# Task 3: Cross-Country Comparison
**Objective:** Compare solar potential across Benin, Sierra Leone, and Togo using cleaned datasets, summary metrics, and statistical tests.


In [None]:
import pandas as pd

# Load cleaned datasets
benin = pd.read_csv("data/benin_clean.csv")
sierra_leone = pd.read_csv("data/sierralione_clean.csv")
togo = pd.read_csv("data/togo_clean.csv")

# Add country identifier
benin['Country'] = 'Benin'
sierra_leone['Country'] = 'Sierra Leone'
togo['Country'] = 'Togo'

# Combine datasets
df_all = pd.concat([benin, sierra_leone, togo], ignore_index=True)
df_all.head()


In [None]:
import seaborn as sns
import matplotlib.pyplot as plt

# Set Seaborn style
sns.set_style("whitegrid")
palette = ['#FF9999','#99CCFF','#99FF99']  # Consistent colors for countries

metrics = ['GHI', 'DNI', 'DHI']

for metric in metrics:
    plt.figure(figsize=(8,5))
    sns.boxplot(x='Country', y=metric, data=df_all, palette=palette)
    plt.title(f'{metric} Comparison Across Countries', fontsize=14, fontweight='bold')
    plt.ylabel(metric, fontsize=12)
    plt.xlabel('')
    plt.grid(axis='y', linestyle='--', alpha=0.7)
    plt.show()


In [None]:
summary_table = df_all.groupby('Country')[metrics].agg(['mean', 'median', 'std'])
summary_table = summary_table.round(2)  # Round for readability
summary_table


**Interpretation:**  
- Compare mean, median, and standard deviation across countries for each metric to quickly identify trends and variability.


In [None]:
from scipy.stats import f_oneway, kruskal

# Extract GHI per country
ghi_benin = benin['GHI']
ghi_sierra = sierra_leone['GHI']
ghi_togo = togo['GHI']

# One-way ANOVA
anova_result = f_oneway(ghi_benin, ghi_sierra, ghi_togo)
# Kruskal-Wallis test (non-parametric)
kruskal_result = kruskal(ghi_benin, ghi_sierra, ghi_togo)

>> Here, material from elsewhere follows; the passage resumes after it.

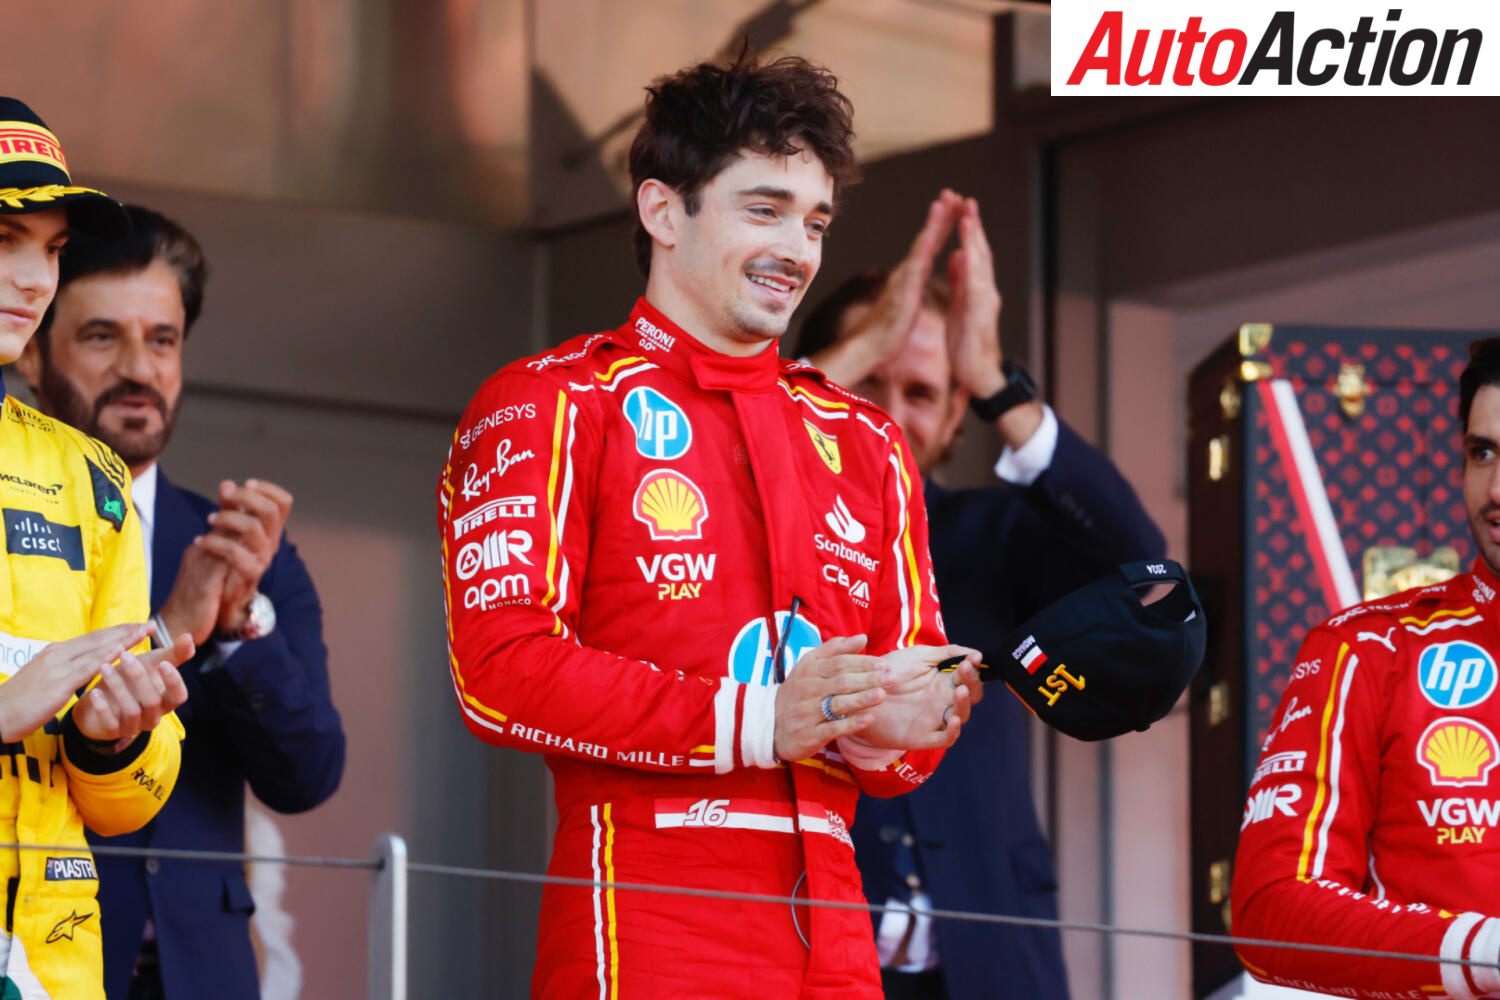 Emotional Leclerc seals long-awaited home victory - Auto Action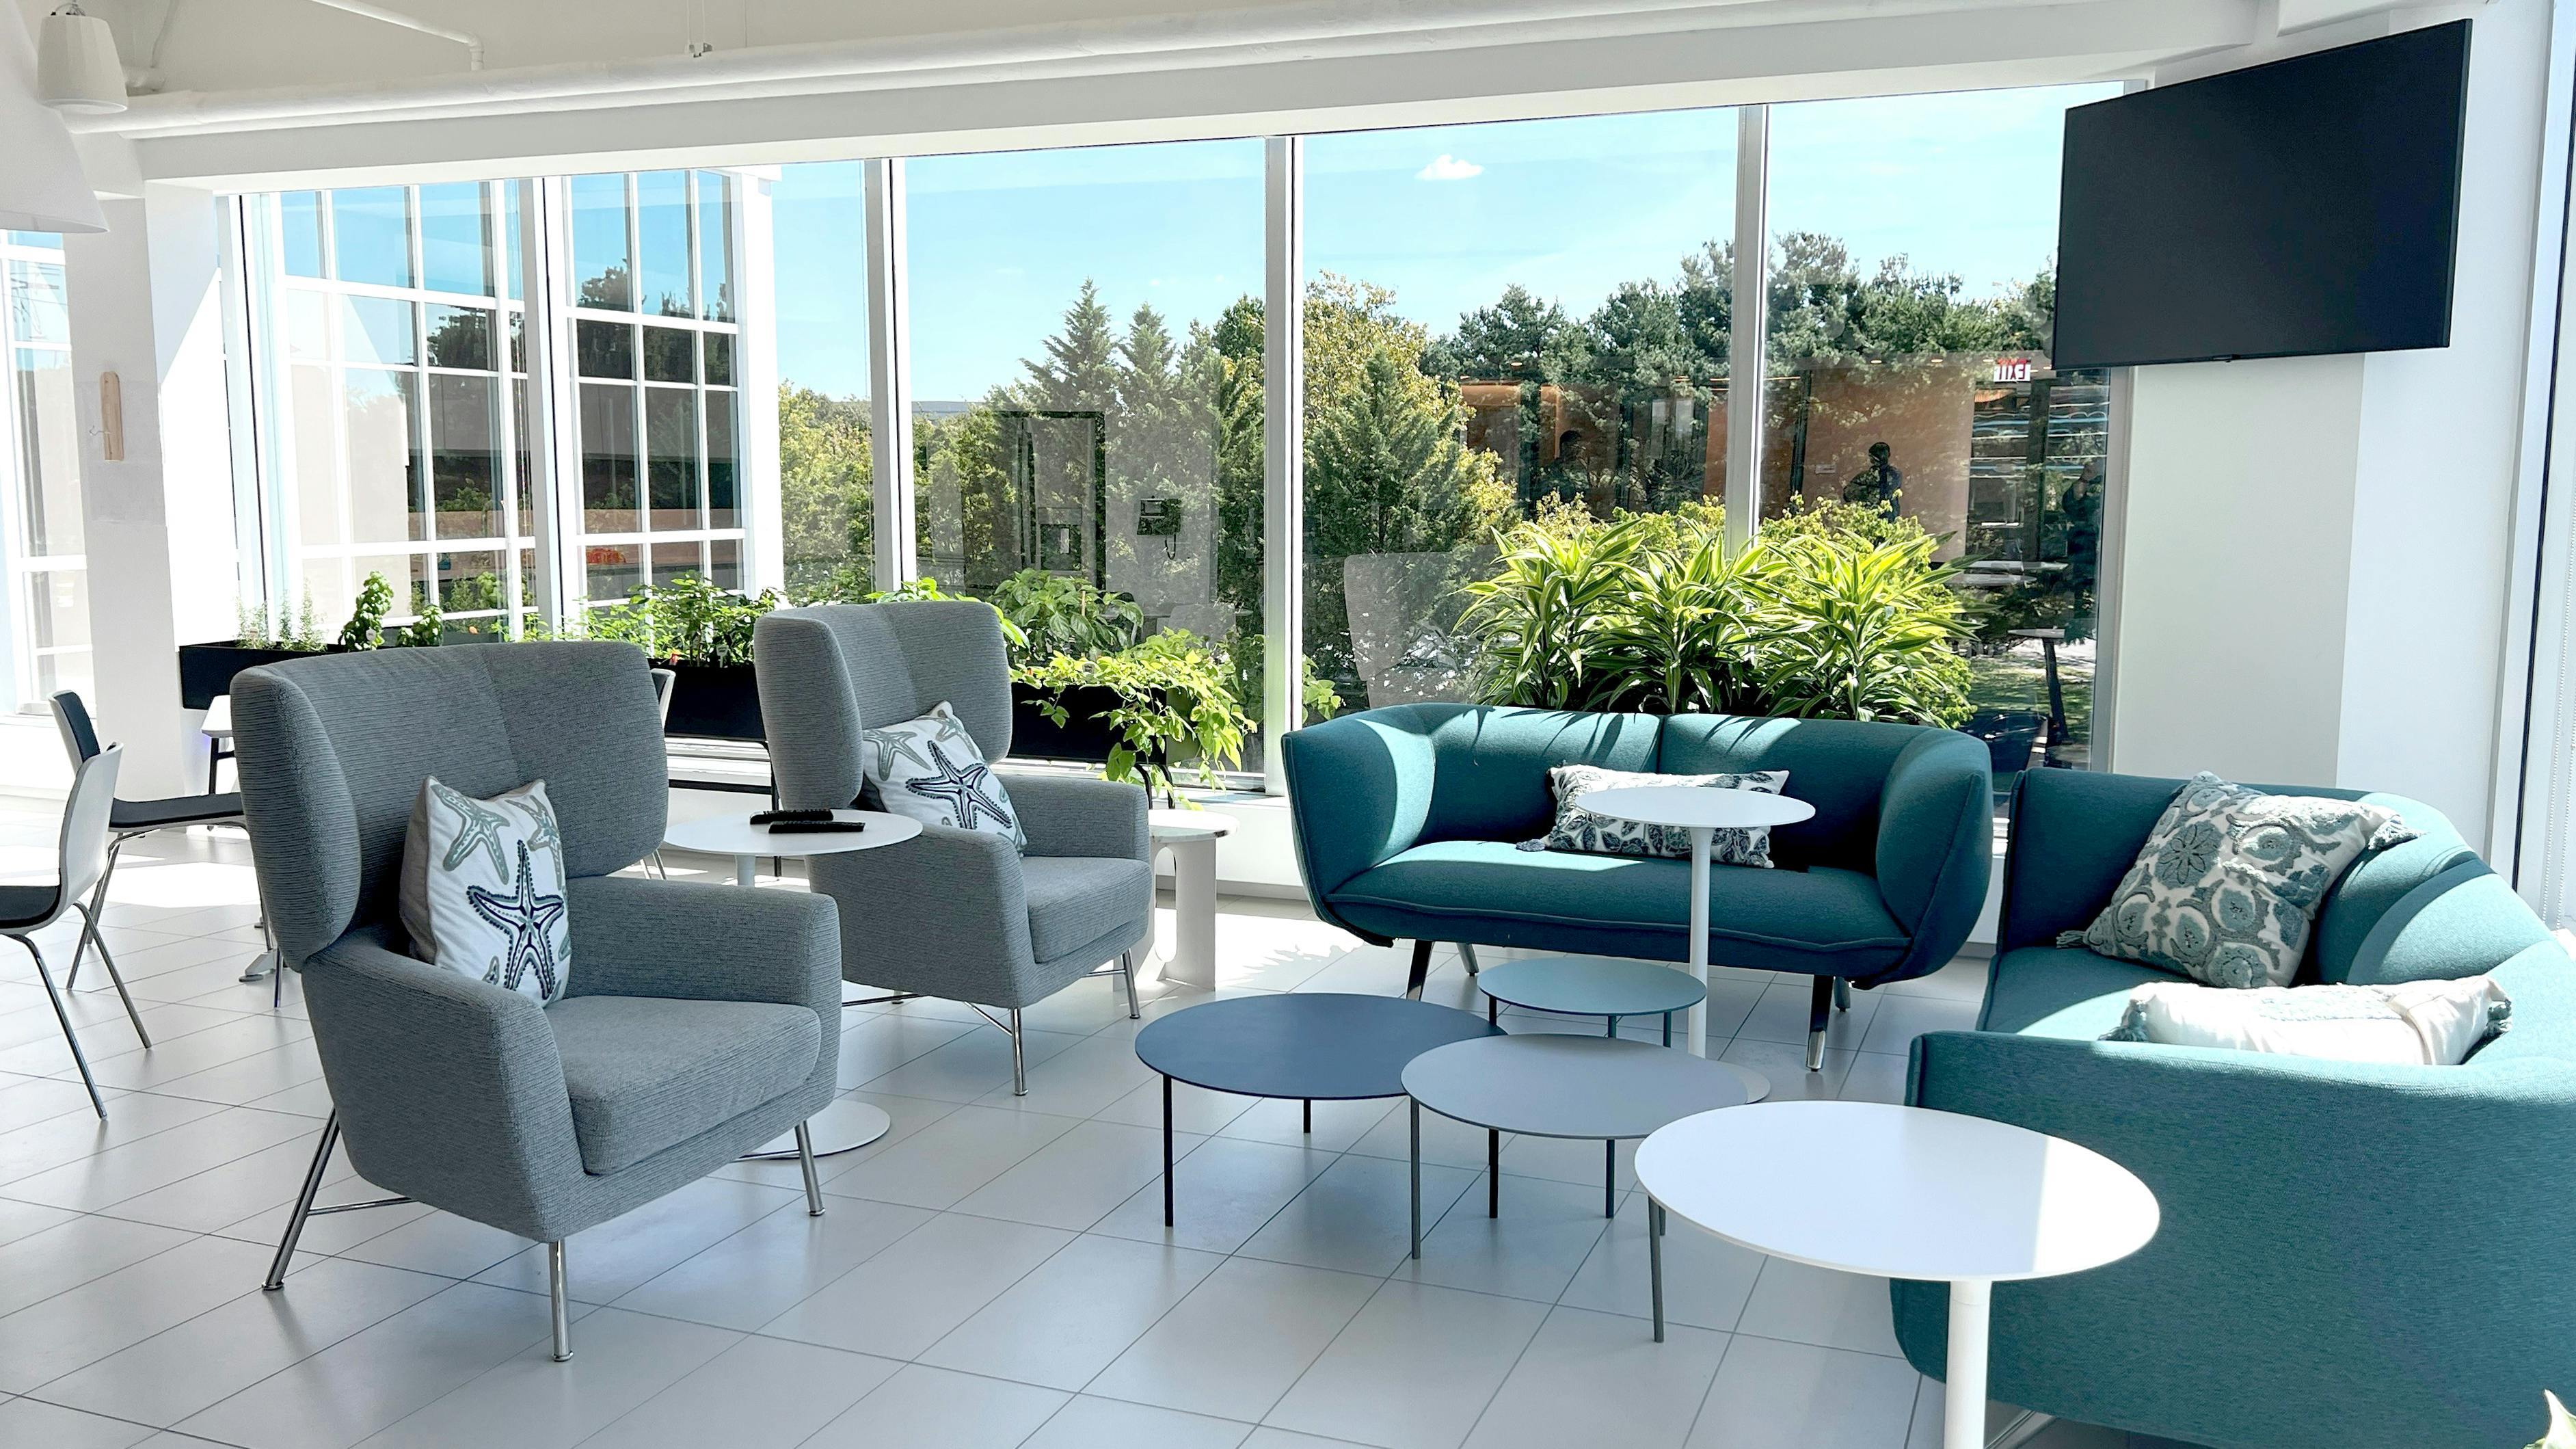 Lounge area with wingback chairs, a couch and loveseat, and small round side tables; floor-to-ceiling windows in the background show trees outside the building.

print(f"ANOVA p-value for GHI: {anova_result.pvalue:.4f}")
print(f"Kruskal-Wallis p-value for GHI: {kruskal_result.pvalue:.4f}")


**Interpretation:**  
- Small p-values (< 0.05) indicate significant differences in GHI between countries.  
- Kruskal-Wallis is preferred if GHI data is not normally distributed.


### Key Observations
- **Sierra Leone** shows the highest median GHI, indicating strong solar potential.
- **Benin** has the greatest variability in DNI, suggesting fluctuating direct sunlight.
- **Togo** has consistently lower DHI values, implying less diffuse solar radiation.


In [None]:
avg_ghi = df_all.groupby('Country')['GHI'].mean().sort_values(ascending=False)

plt.figure(figsize=(6,4))
bars = plt.bar(avg_ghi.index, avg_ghi.values, color=palette, edgecolor='black')
plt.ylabel('Average GHI', fontsize=12)
plt.title('Average GHI by Country', fontsize=14, fontweight='bold')
plt.grid(axis='y', linestyle='--', alpha=0.7)

# Add data labels
for bar in bars:
    yval = bar.get_height()
    plt.text(bar.get_x() + bar.get_width()/2, yval + 1, round(yval,1), ha='center', va='bottom', fontsize=10)

plt.show()


# Executive Summary: Cross-Country Solar Potential

A comparative analysis of solar radiation data from Benin, Sierra Leone, and Togo reveals notable differences in solar potential across the three countries. Sierra Leone exhibits the highest median and average GHI, indicating strong and consistent solar exposure. Benin shows the greatest variability in DNI, suggesting fluctuations in direct sunlight that could affect solar system performance. Togo has comparatively lower DHI values, implying less diffuse solar radiation and potentially fewer opportunities for indirect solar energy capture. Statistical testing confirms that differences in GHI between countries are significant (p < 0.05). Overall, these insights highlight Sierra Leone as the most favorable location for solar energy deployment, with Benin and Togo showing specific characteristics that could inform system design and planning.